Home / Data centers by region / Chicago & Illinois
The Midwest's data-center capital runs on the nation's biggest nuclear fleet — and is now testing how much load even cheap, clean, always-on power can absorb.
Chicago is one of the eight primary U.S. data-center markets, and its anchor is Elk Grove Village — the "data center capital of the Midwest," a dense industrial cluster just west of O'Hare that holds a large share of the state's incentivized sites. But the newest and biggest projects are leaving the suburbs for open land with power: gigawatt-scale campuses in Joliet, Minooka, and DeKalb, chosen for interconnection capacity first and location second.

Two things made Chicago a magnet. First, power: Illinois generates more nuclear energy than any other state — 11 reactors producing roughly 54% of its electricity — giving data centers exactly the round-the-clock, low-carbon baseload they want. Second, policy: the 2019 Data Center Investment Program offered up to 20 years of sales-tax exemptions for projects investing $250M+, pulling in over $15.8 billion in commitments.
Now the model is straining. Rapid load growth and rising electricity bills have turned data centers into a political issue: the governor has proposed a two-year pause on the tax incentives starting mid-2026, and grid operators are flagging capacity pressure.

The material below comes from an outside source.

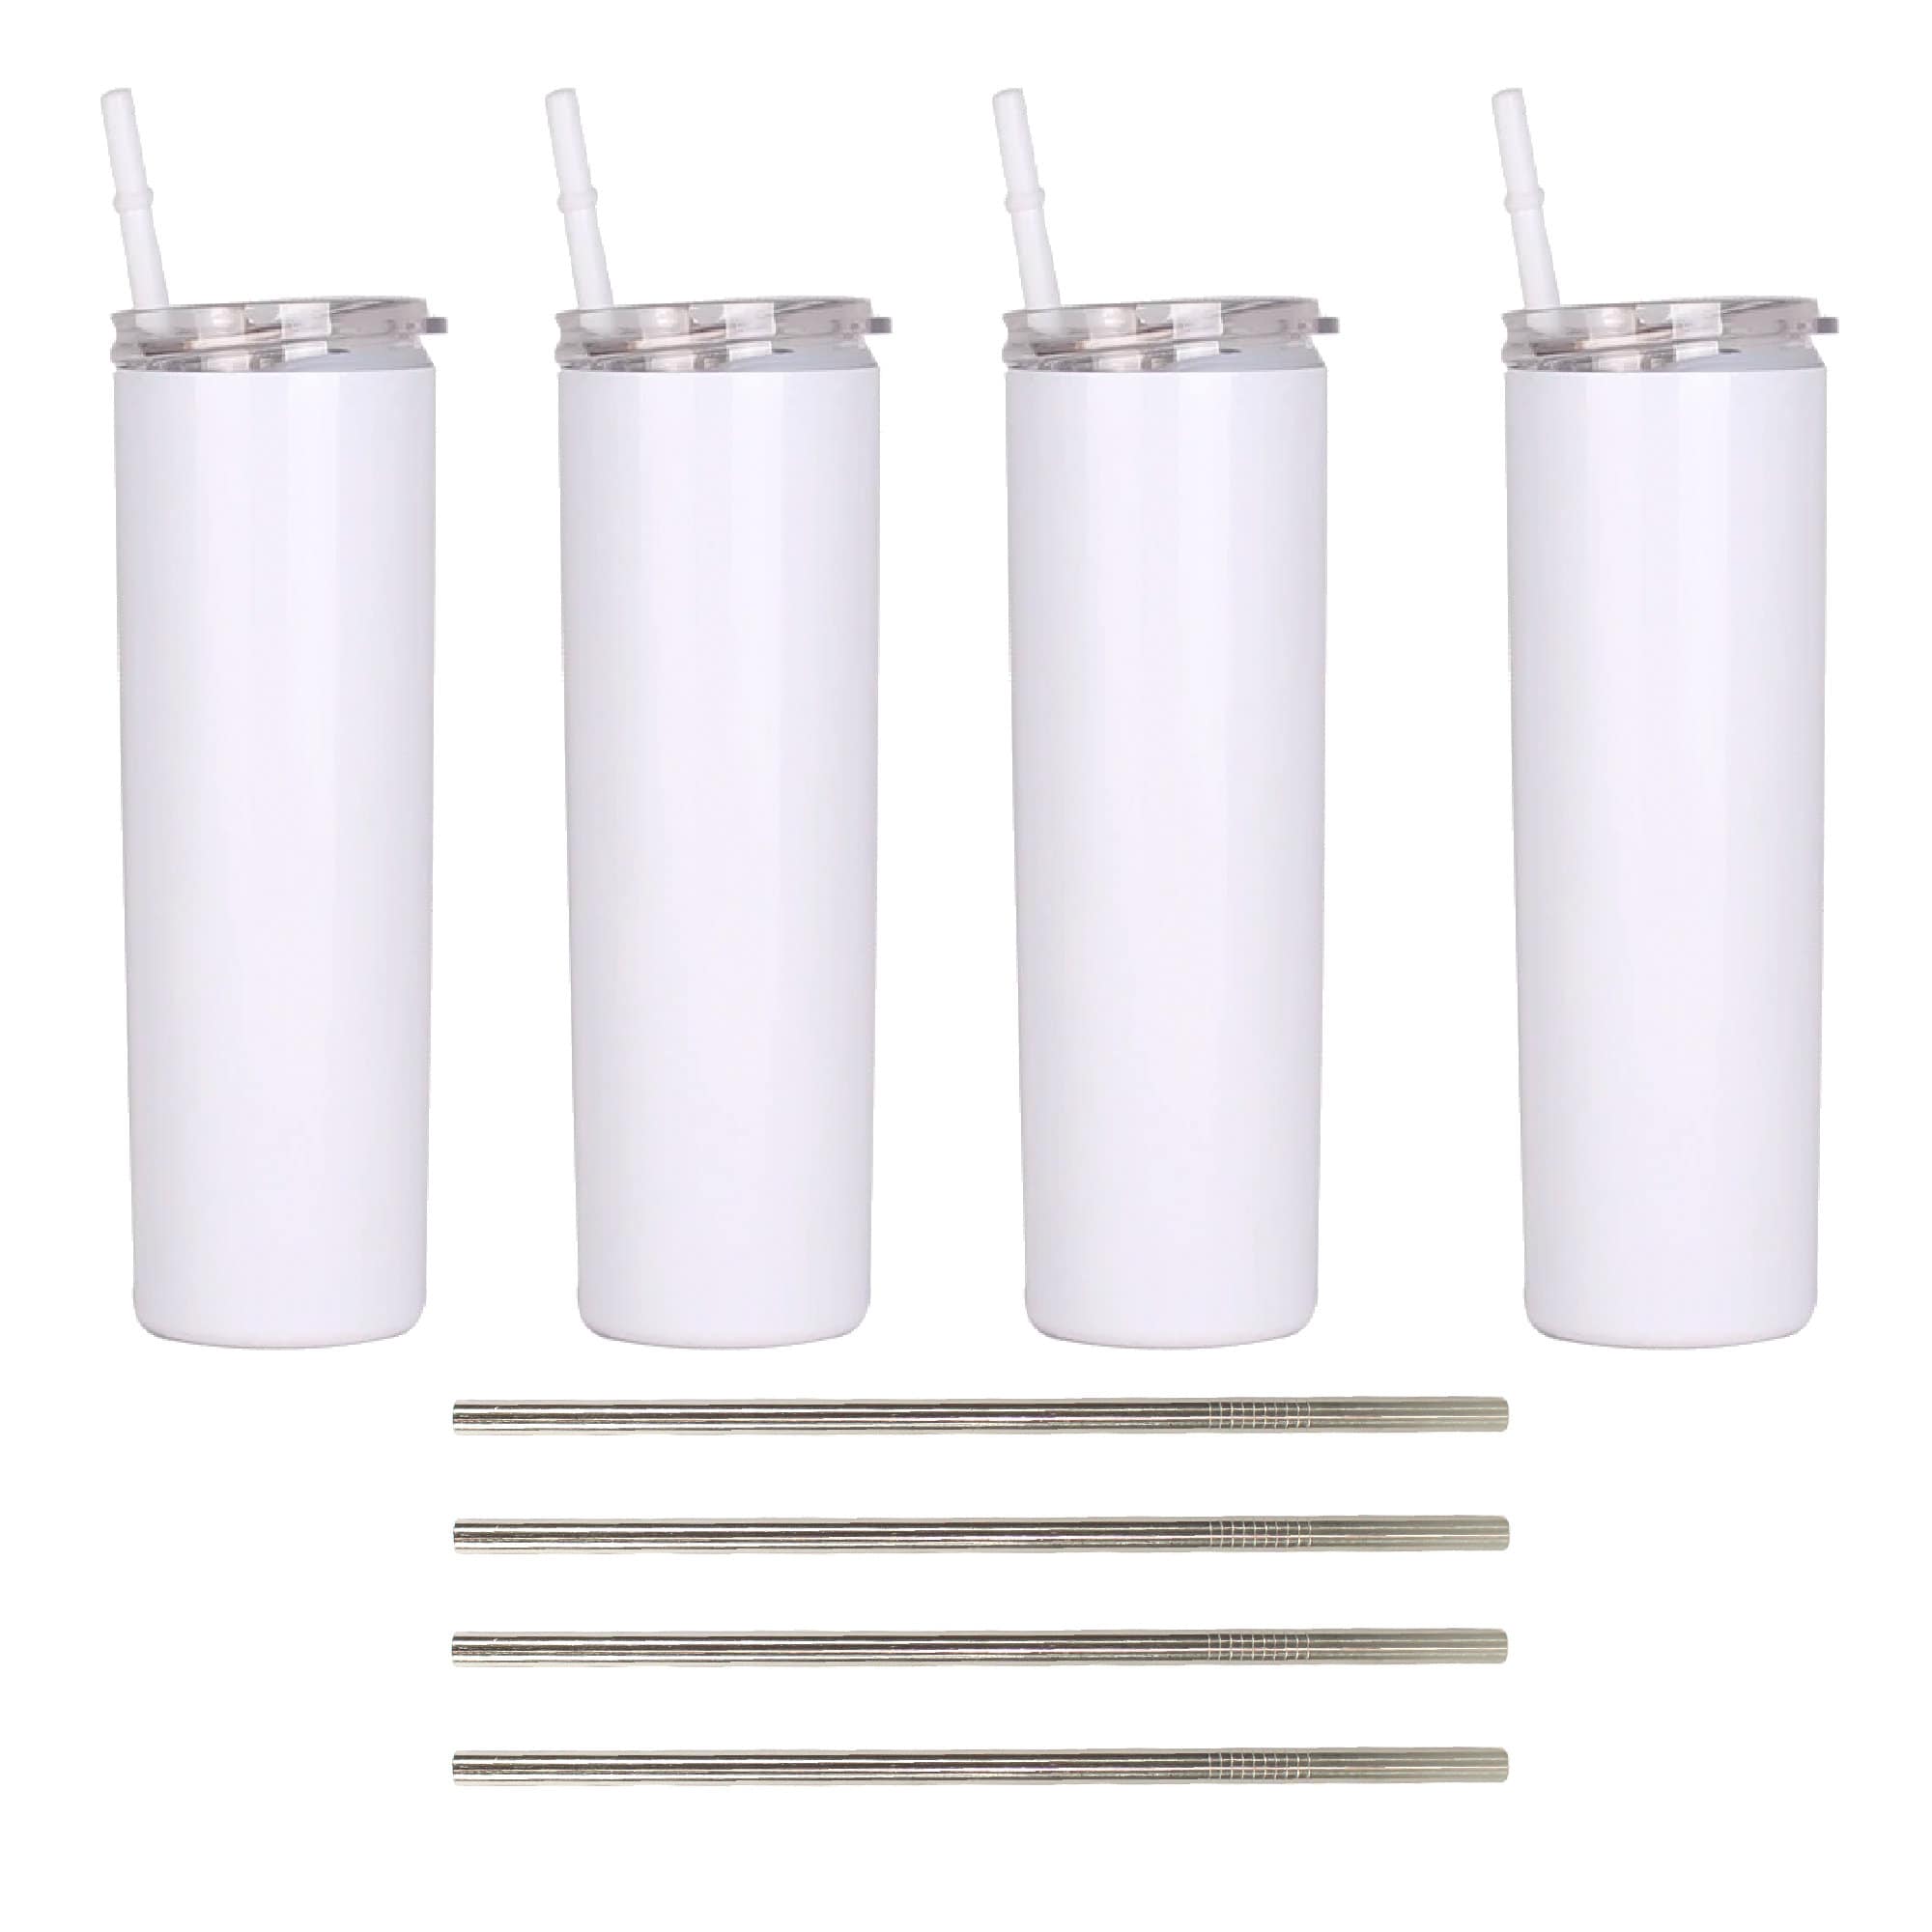 Subconscious Blanks 20oz Sublimation Tumblers, Blank 4-Pack, Straight Skinny Drink Cups with 4 Reusable Plastic Straws and 4 Lids, Supports DIY Heat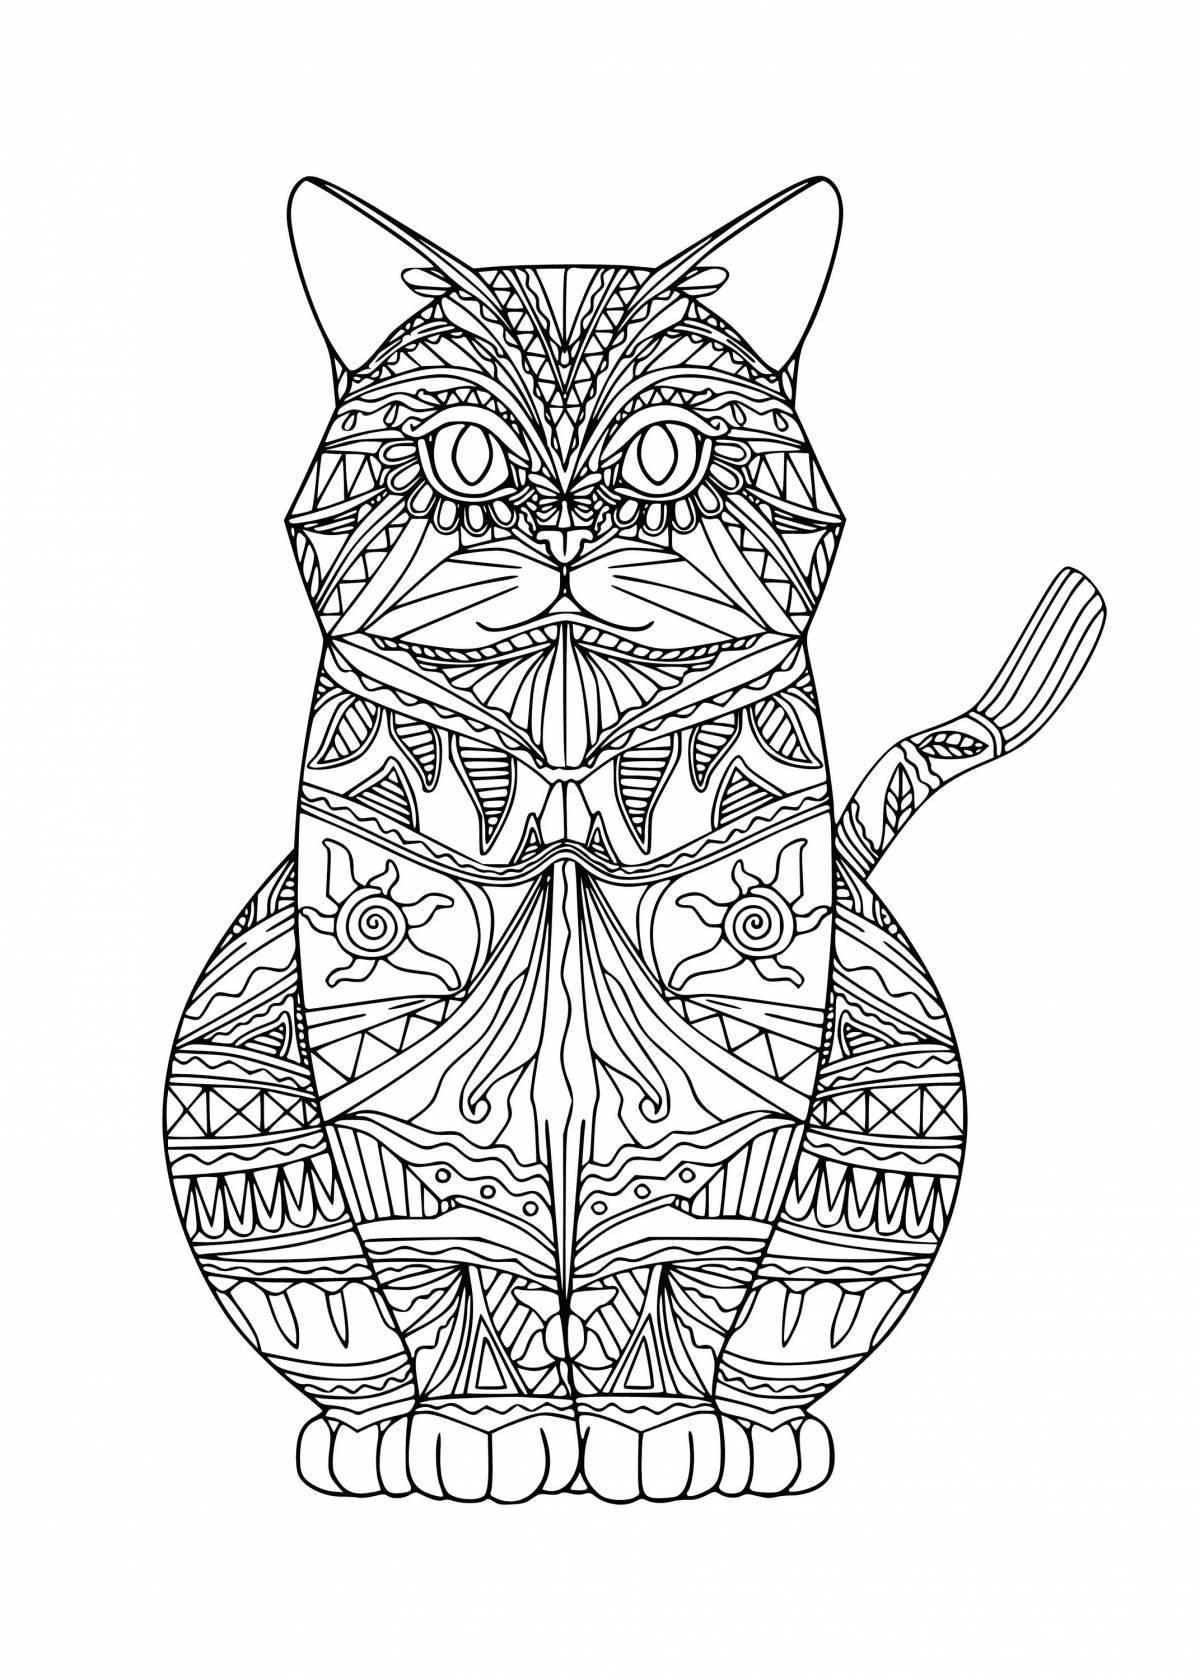 Fluffy cat coloring page art

Even a nuclear-rich grid, it turns out, has a ceiling on how fast it can absorb gigawatt loads.
Chicago is the test of whether abundant clean power plus aggressive incentives can outrun the same forces squeezing every other market — interconnection queues, transmission limits, and public pushback on cost. How Illinois resolves the incentive fight is a leading signal for how other states will manage the buildout. It's the local face of a national grid bottleneck.